Едва увидев ребенка, Лида почувствовала, как злость и напряжение покидают ее измученные мысли, уступая место радости и нежным чувствам. Она протянула к нему дрожащие руки и заплакала, почувствовав тепло его маленького родного тельца.

— Как ты подрос, маленький, — прошептала она, глотая слезы. — Как мамочка соскучилась.

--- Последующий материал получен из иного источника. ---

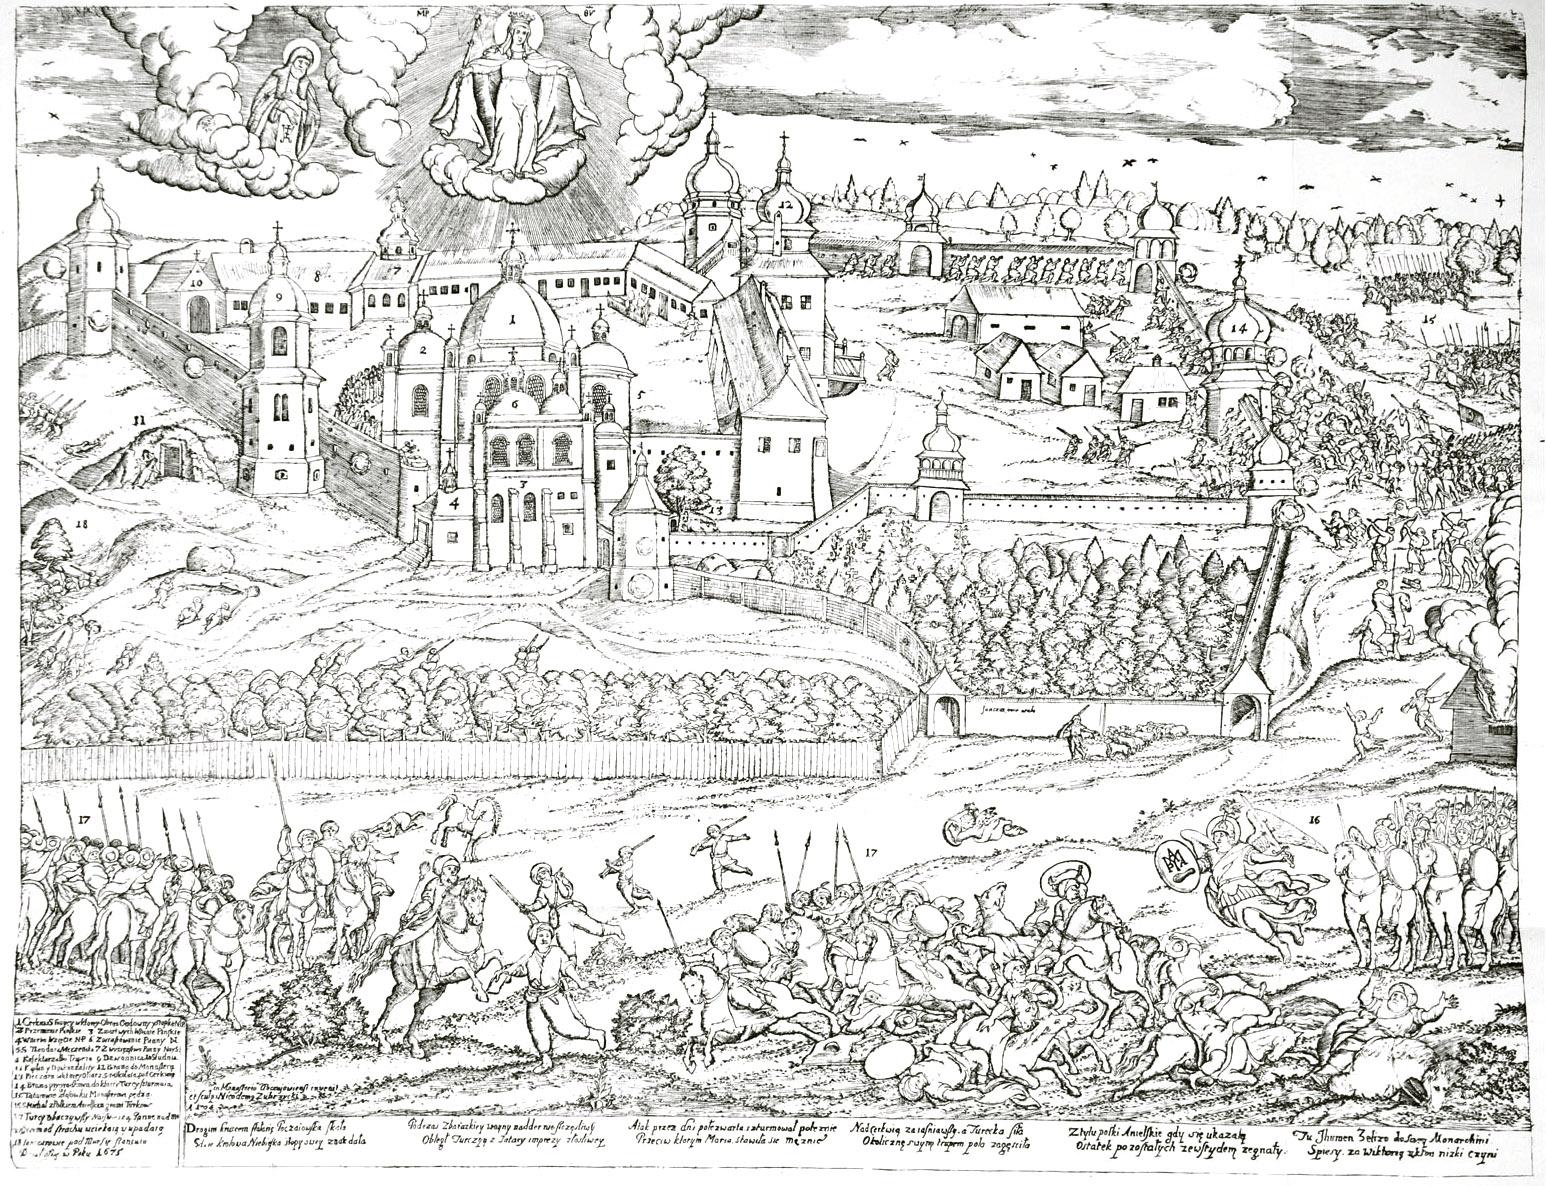 36. ������������ ���������� ����� �� �����, ������� ����������� ������ �������� �����������, 1704 ����.
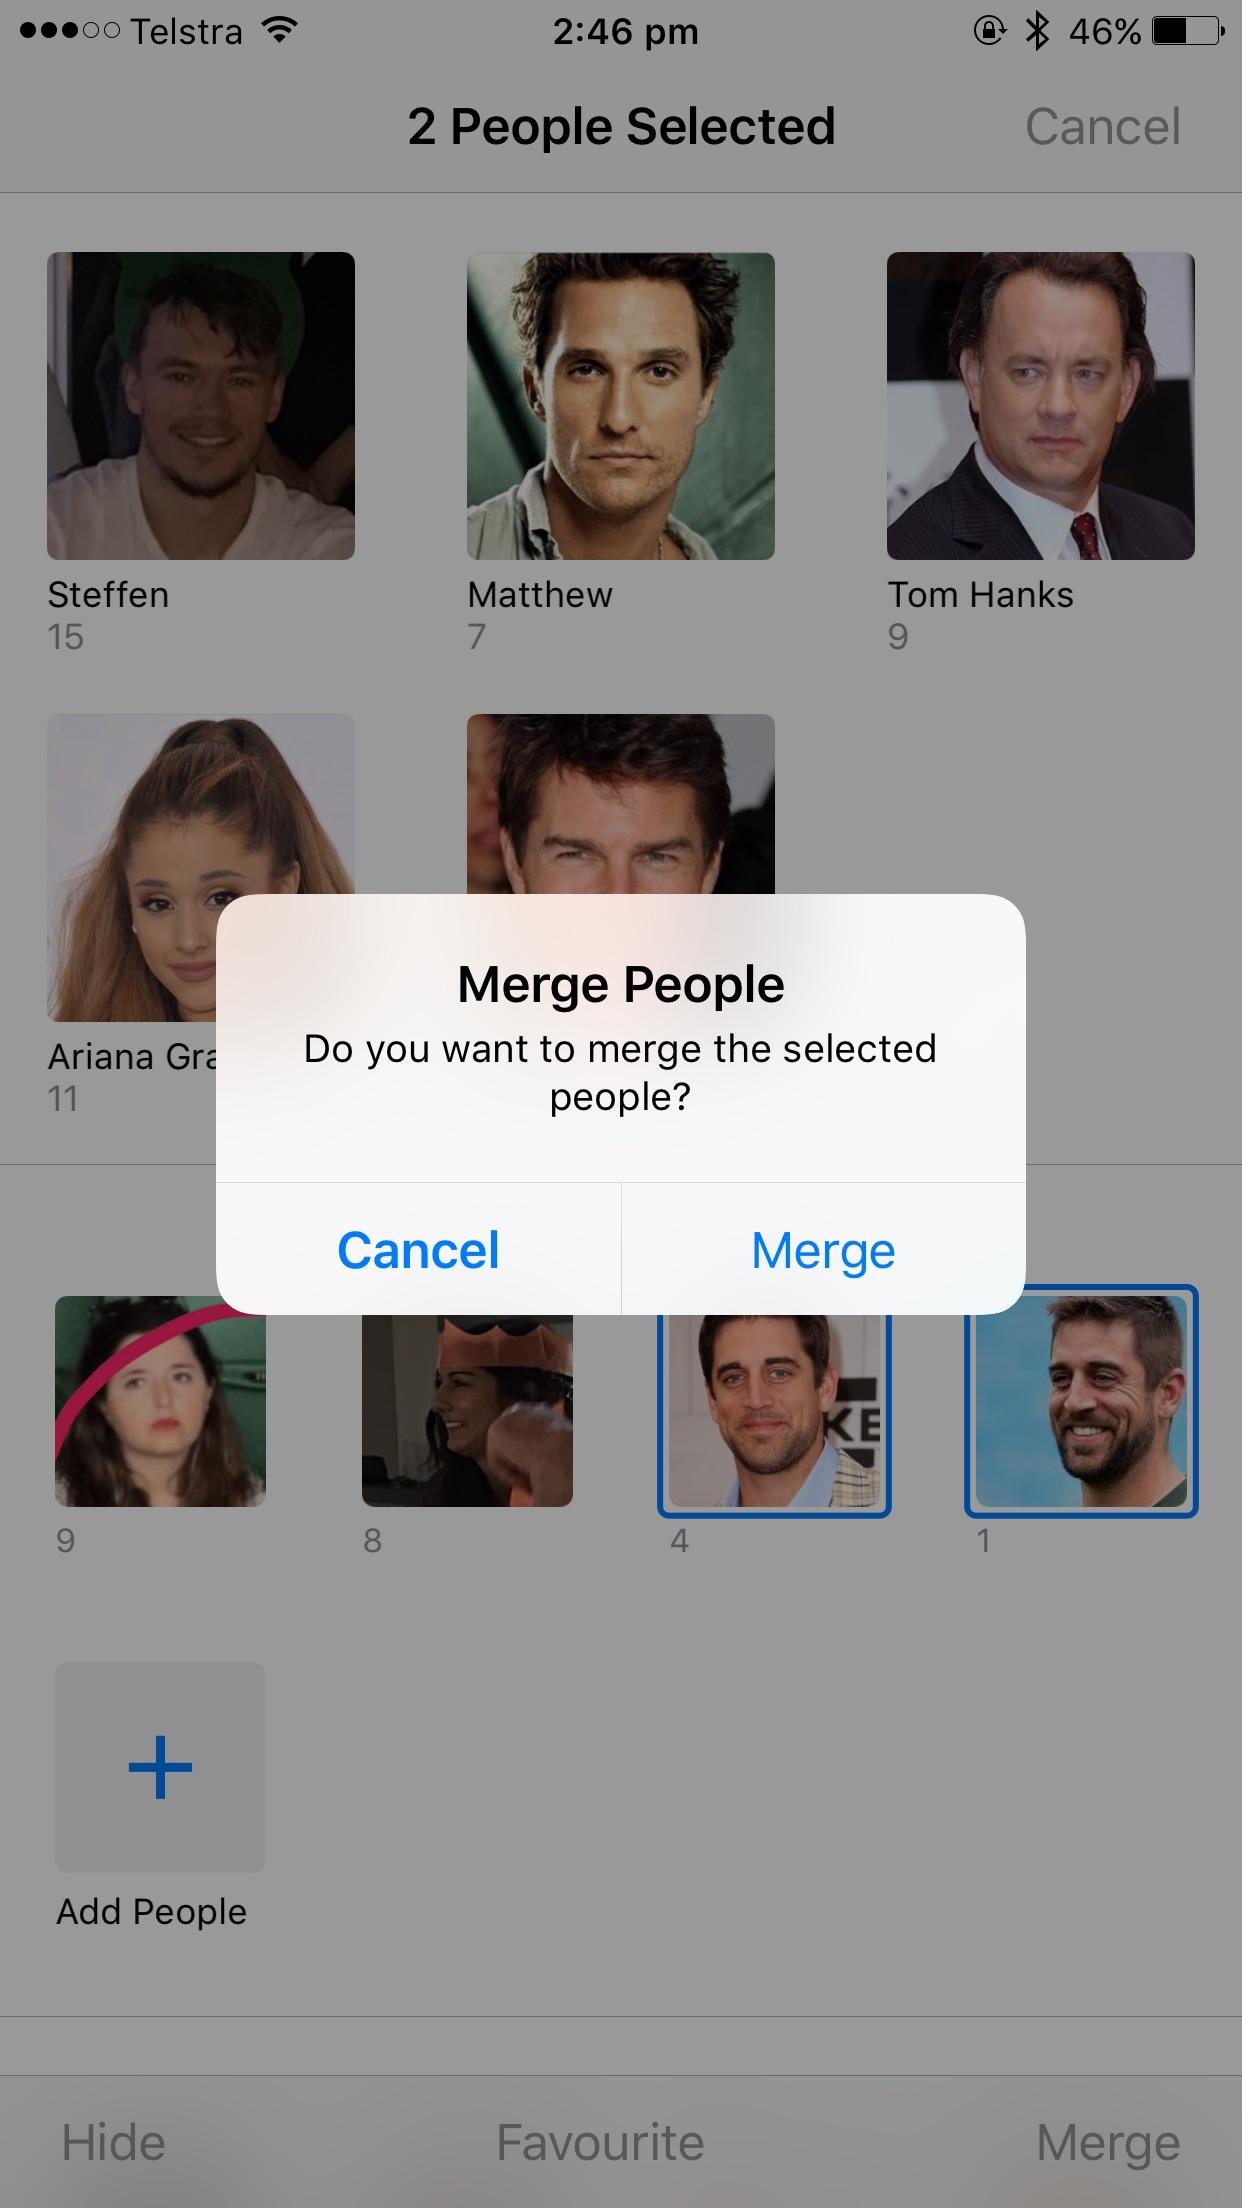 Confirm merging people

Лида стояла, обняв ребенка и прижав его к себе, и мир вокруг нее словно перестал существовать. Она еле слышно ворковала нежные слова в его пока еще безразличное к смысловой речи ушко, но малыш должно быть чувствовал исходящую от нее любовь, потому что открыл глаза и внимательно смотрел на ее залитое слезами радости лицо. Где-то сзади легла тень Мамая, незаметно вошедшего в комнату. Он тихо наблюдал, боясь потревожить драгоценные мгновения первой встречи после долгой разлуки, и сердце его билось гулко-гулко при виде того, с каким обожанием прильнула к своему ребенку эта удивительная женщина. Чужая женщина, не его.